_ASSIGNED TASK_
Please give back the listing below word for word, without the images.

_DATA SEGMENT_
★ ★ ★ ★ ★
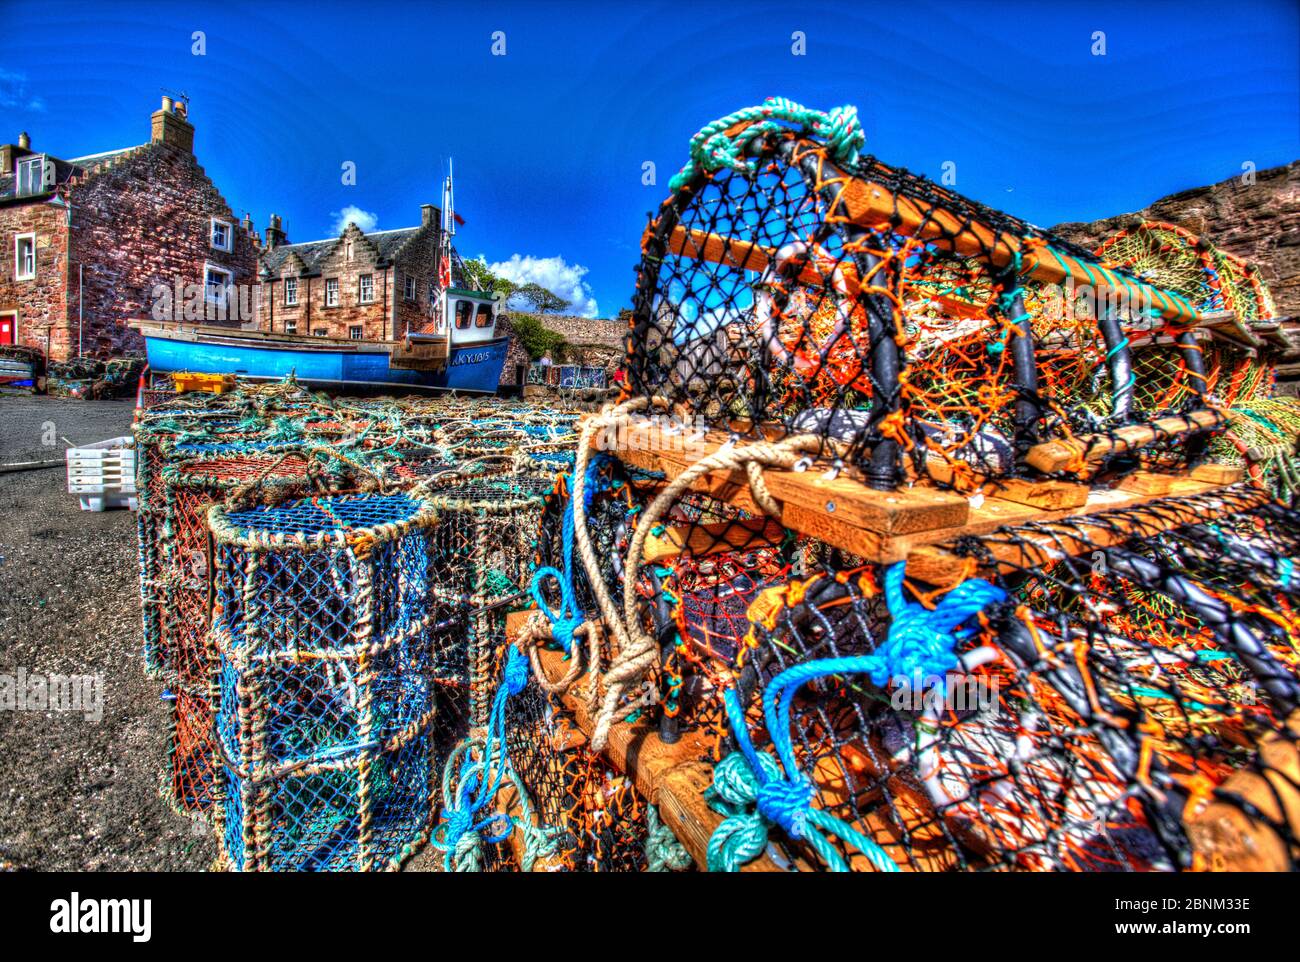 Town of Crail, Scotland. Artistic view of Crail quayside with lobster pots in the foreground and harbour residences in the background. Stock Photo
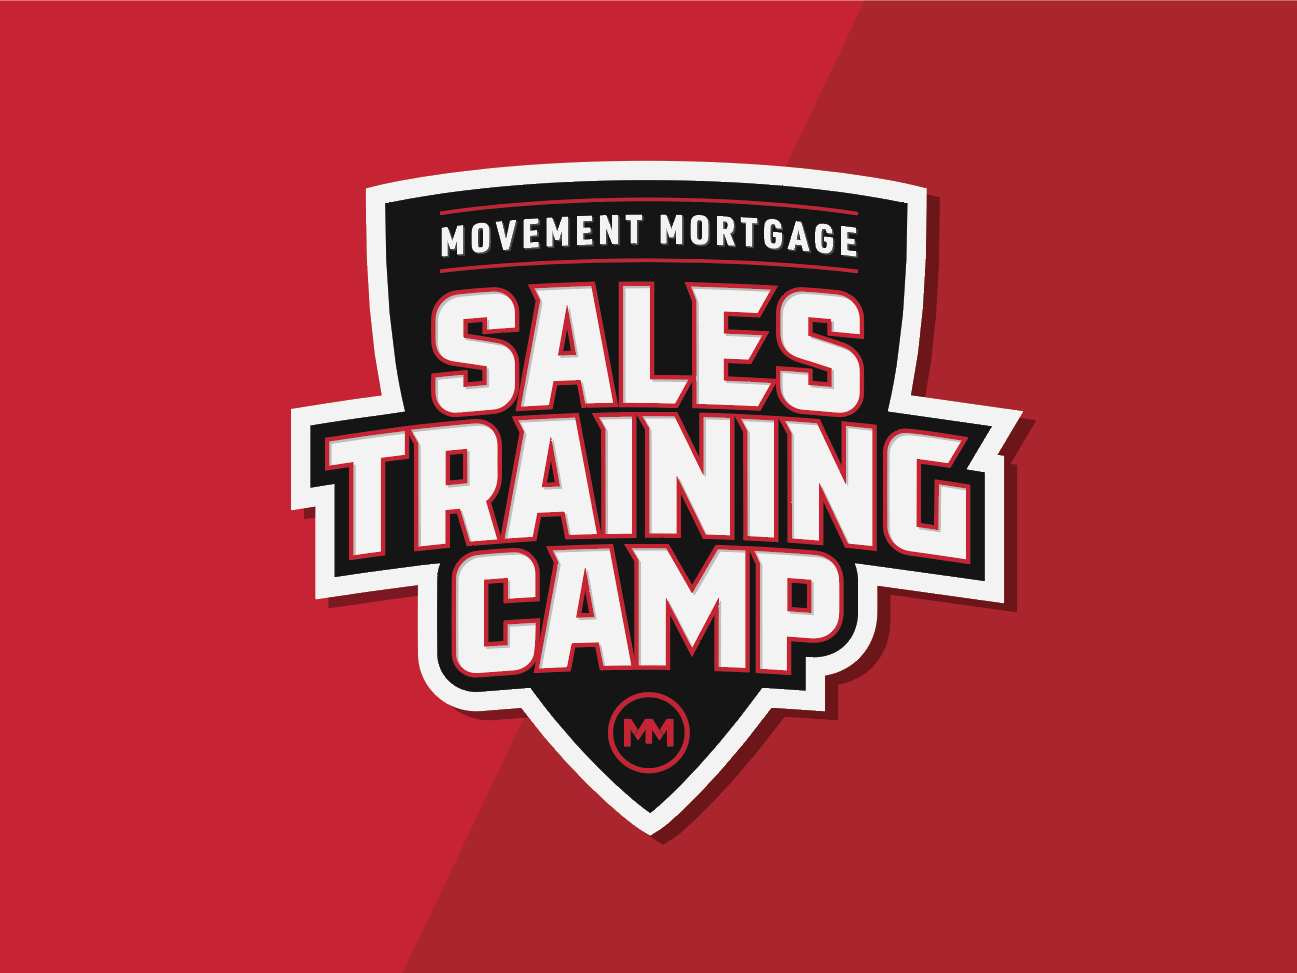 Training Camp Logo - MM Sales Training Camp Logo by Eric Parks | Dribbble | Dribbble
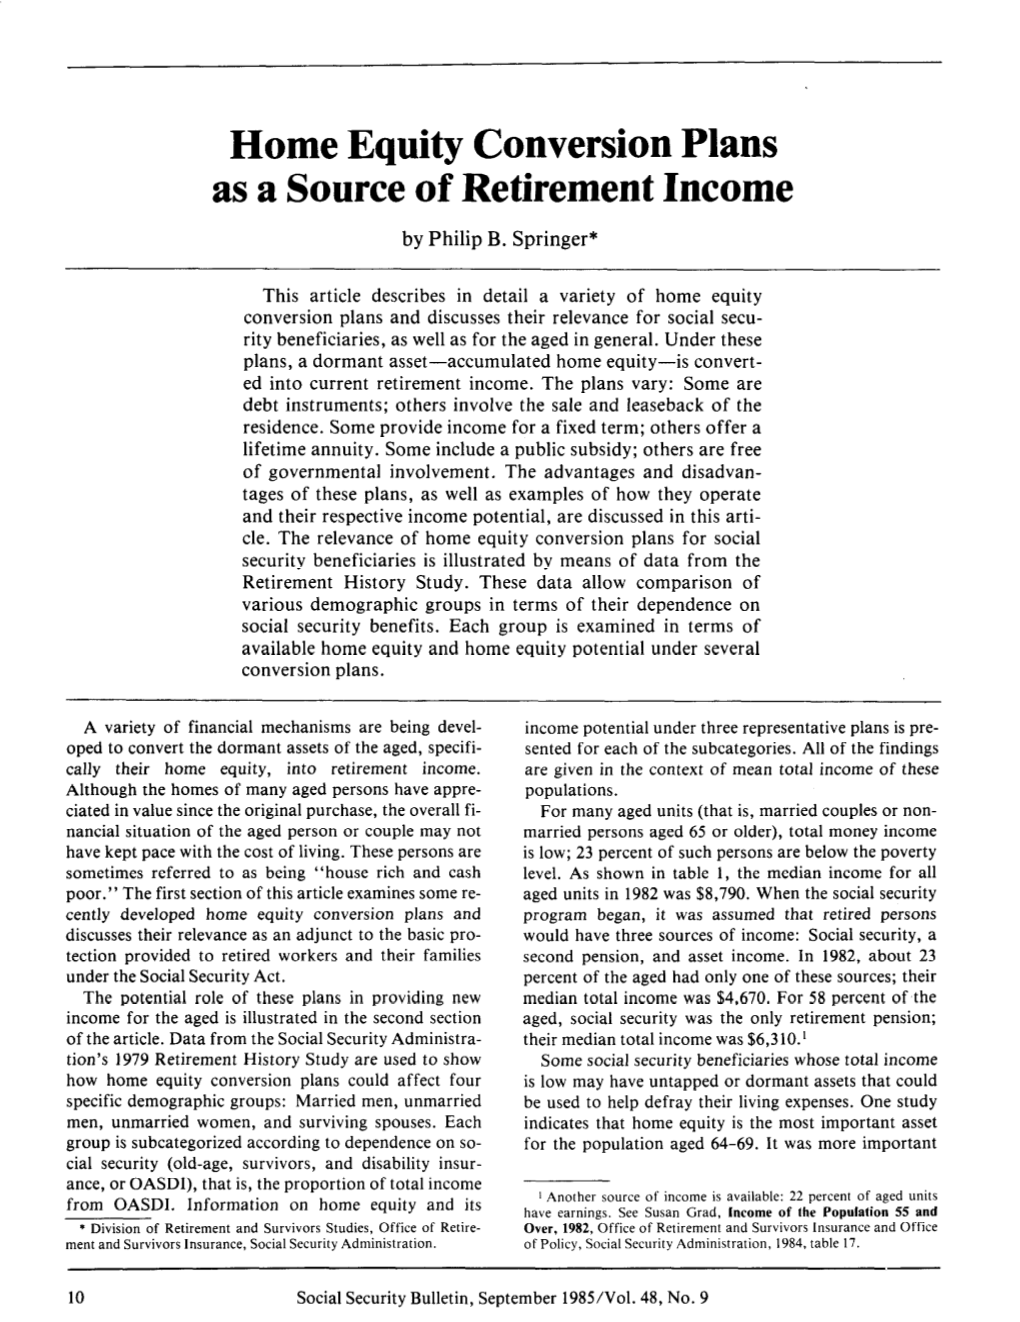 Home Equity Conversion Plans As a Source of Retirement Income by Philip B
★ ★ ★ ★ ★
_SOLUTION TO THIS TASK_
 Town of Crail, Scotland. Artistic view of Crail quayside with lobster pots in the foreground and harbour residences in the background. Stock Photo
 Training Camp Logo - MM Sales Training Camp Logo by Eric Parks | Dribbble | Dribbble
 Home Equity Conversion Plans As a Source of Retirement Income by Philip B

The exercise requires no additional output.